■ WORK ITEM:
Before returning the data, strip out the pictures and keep everything else exactly the same.

■ THE DATA:

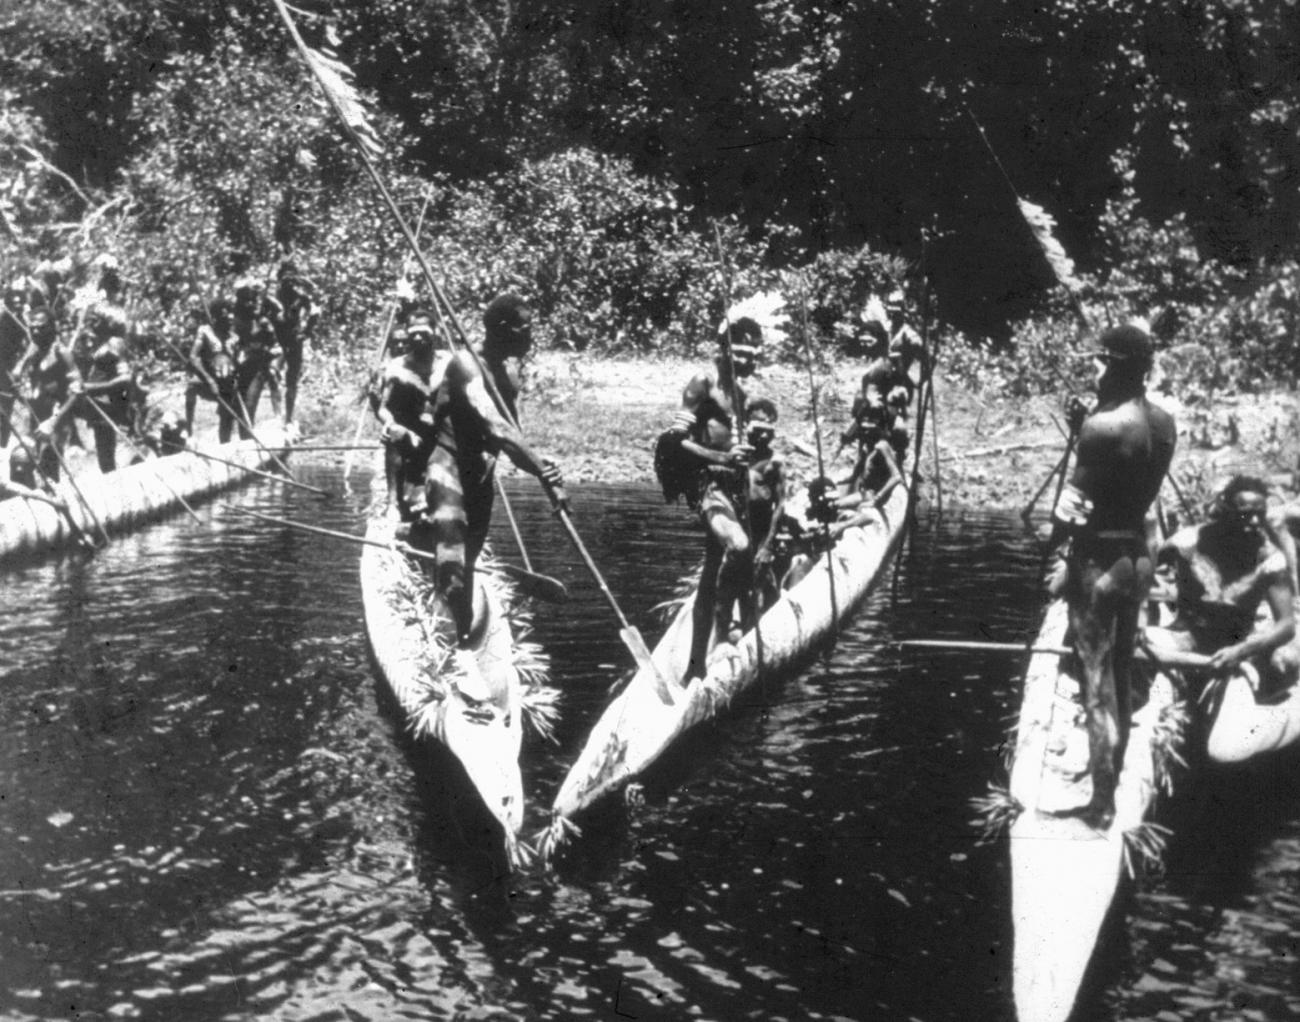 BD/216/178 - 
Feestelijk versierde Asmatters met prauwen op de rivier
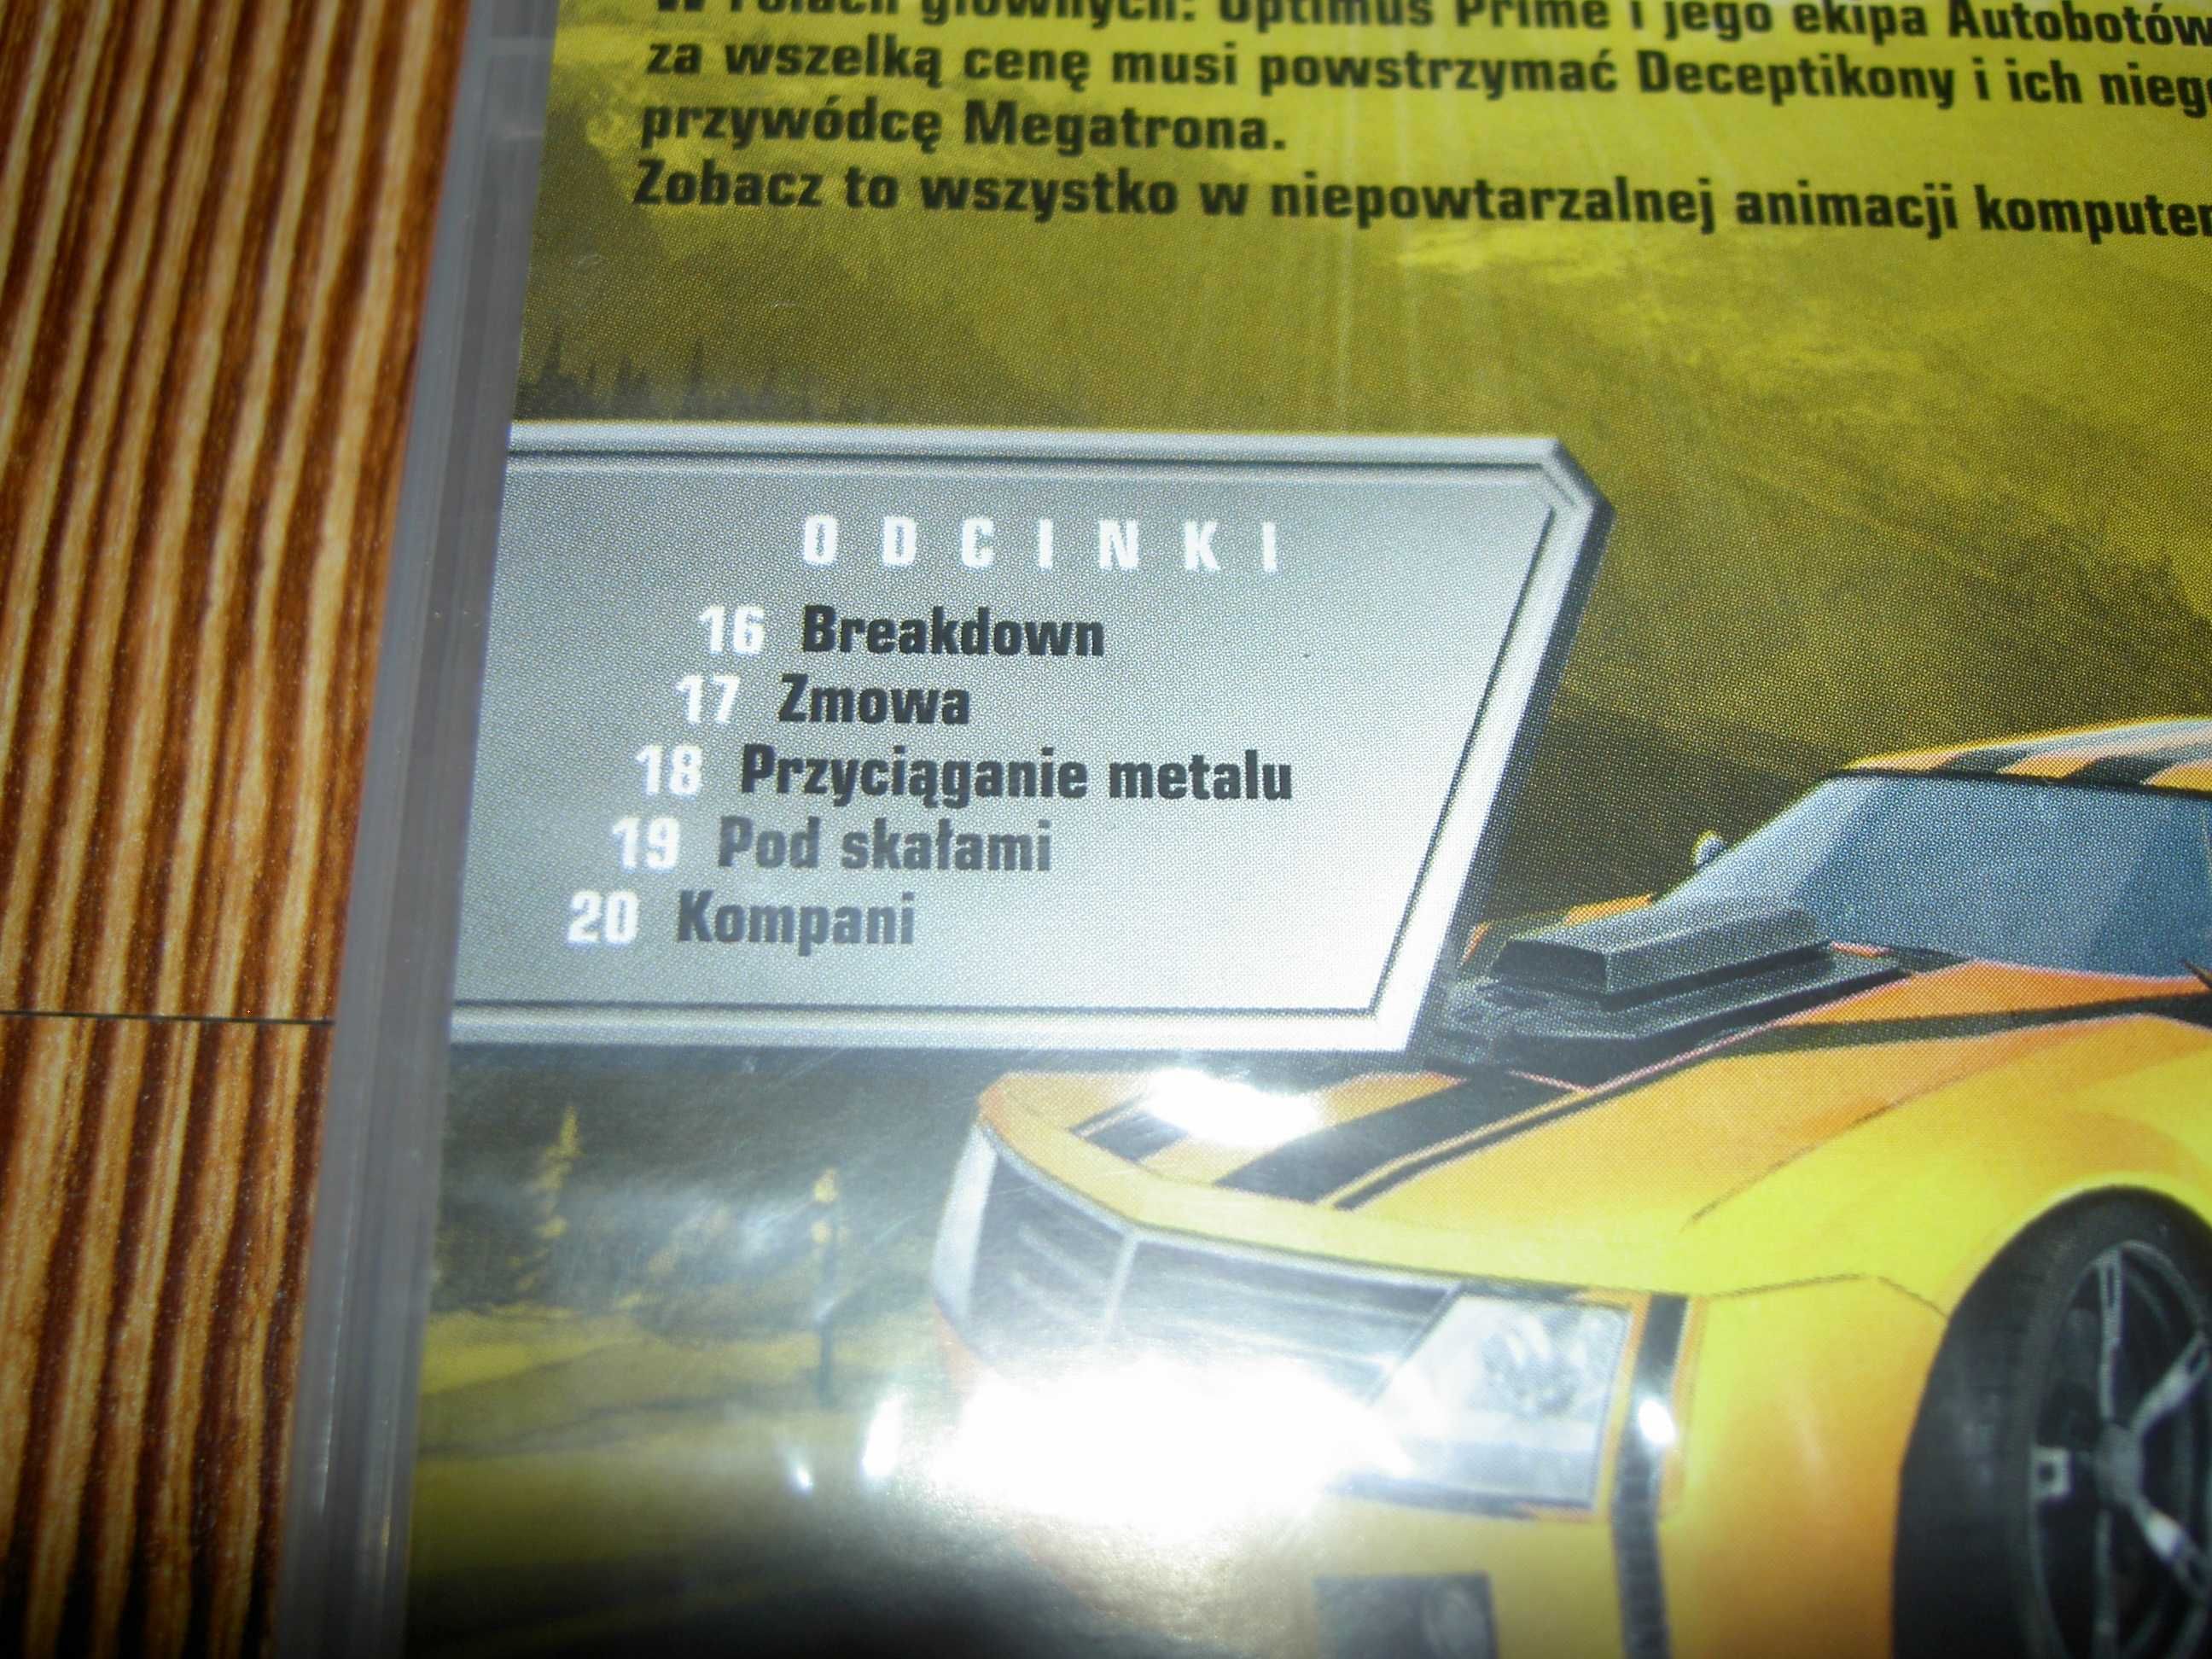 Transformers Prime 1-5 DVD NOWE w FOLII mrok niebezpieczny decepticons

■ ANSWER SECTION:
 BD/216/178 - 
Feestelijk versierde Asmatters met prauwen op de rivier
 Transformers Prime 1-5 DVD NOWE w FOLII mrok niebezpieczny decepticons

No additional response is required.